汪東陽慢慢從牀上坐了起來,當他坐定,一盤棋剛好擺完。
“來,紅先黑後。”
於冠捷做了一個“請”的動作。
兩人下過很多次,因此佈局基本上行雲流水,誰都不佔便宜,誰都不吃虧。但這盤棋很快就結束了——下至中局,汪東陽就被一個抓雙,搞得只能投子認負。
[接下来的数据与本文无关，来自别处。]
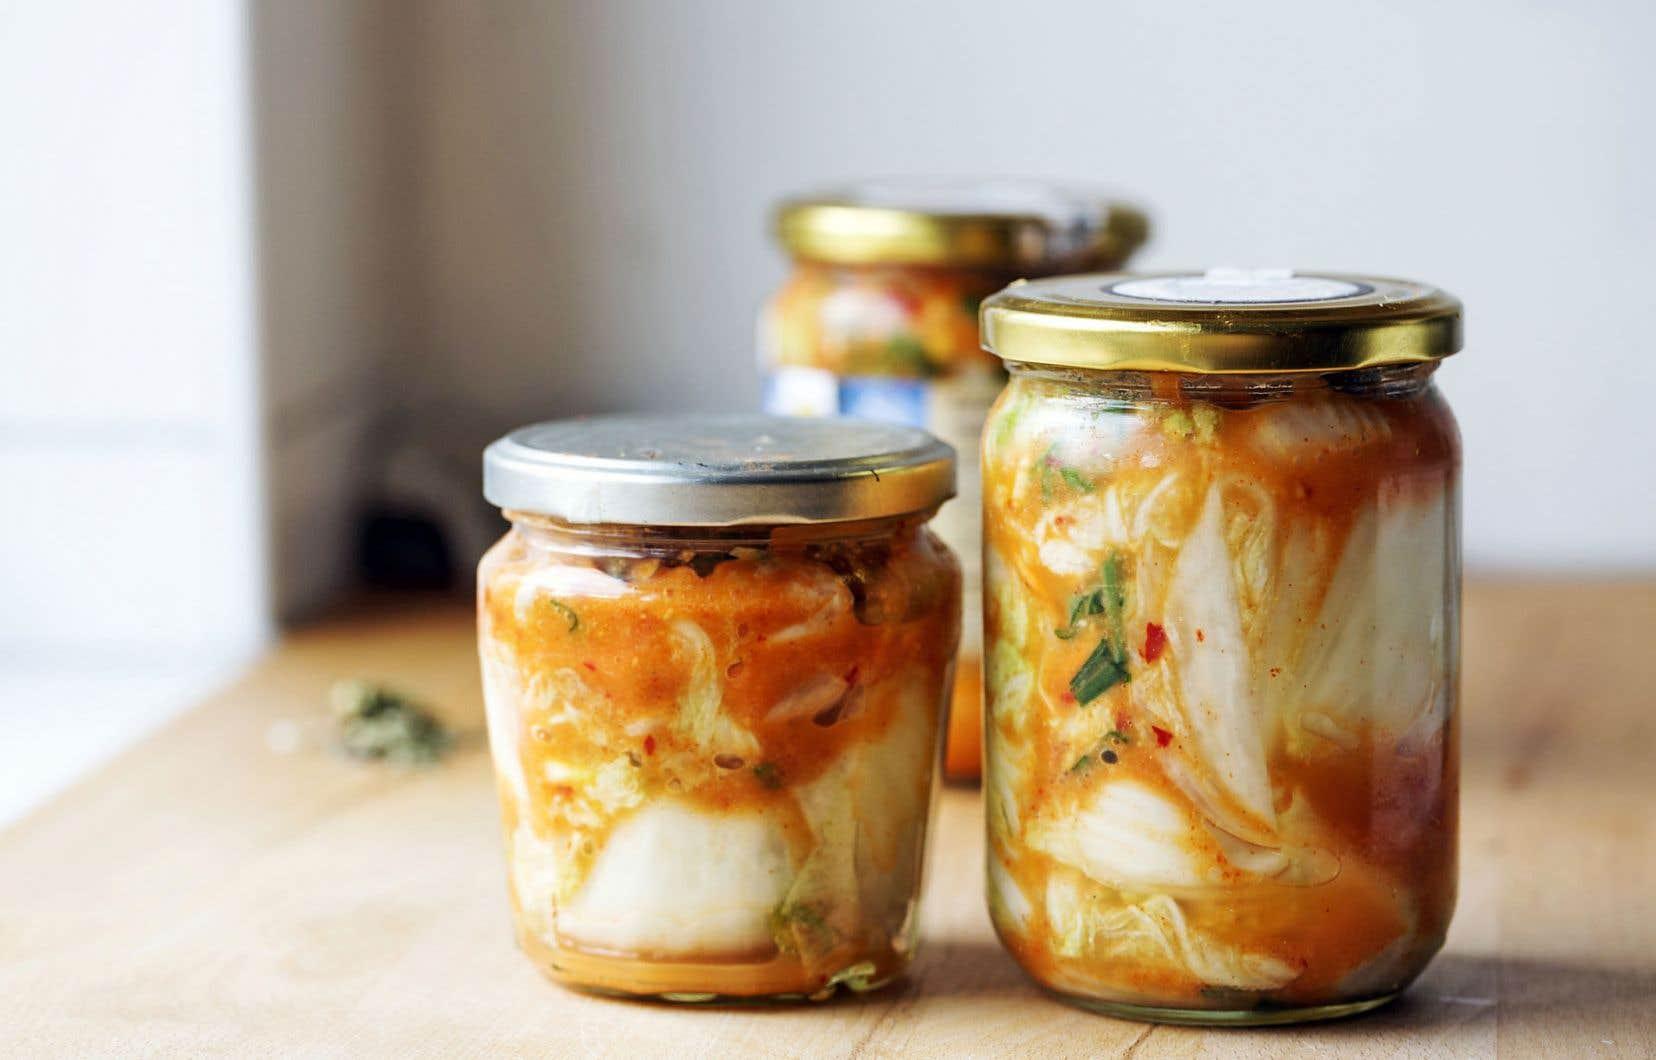 Les légumes fermentés, comme le kimchi, sont riches en probiotiques.

“再來,我剛纔沒認真!”這句話的確是實話,汪東陽彷彿喝了點酒,還要再來一杯。
“行。”
第二盤,佈局只是稍稍換了個花樣,汪東陽這一次終於聚精會神了,每一步棋之間的間隔也變長了,他終於又有了求勝的慾望,想在於冠捷那固若金湯的防守中找到破綻,但是,學霸總能在一開始就把他的萌芽扼殺住,將軍也只是疲軟,毫無威脅的手段,終於,他實在找不出合適的一步棋,向自己身邊噴了一口氣。
“你這是幹什麼?又呆又萌的?”於冠捷眼睛仍然盯着棋盤,汪東陽可以確定這個傢伙在用餘光看着自己。
“我實在下不了了。”他將雙手抱在腦後,後仰在牀背上,“你滿手都是好棋,我……什麼都沒有,饒了我吧!”
“確實,你這盤又輸了。”
於冠捷說話基本上一點面子都不留。
但如果對於初學者而言,表面上紅黑子力基本一致,只不過於冠捷多了一個卒。然而,汪東陽幾乎被黑子封鎖,幾乎無法脫身。
“這一盤才盡興,不是嗎?”於冠捷慢慢將一枚枚棋子熟練地收進棋盒中。
“是啊,你是盡興了,我可沒怎麼嚐到甜頭!”汪東陽沒好氣地嘟囔着。
“跟我下棋的人很少能嚐到甜頭。”於冠捷慢悠悠地說道,“畢竟我拿過全市的象棋少年組冠軍,跟普通人下還是沒有壓力的。”
這話差點讓汪東陽噴出一口老血,他一怒而起,差點跳上茶几,想暴打一頓這個無數次故意“羞辱”自己的青少年冠軍。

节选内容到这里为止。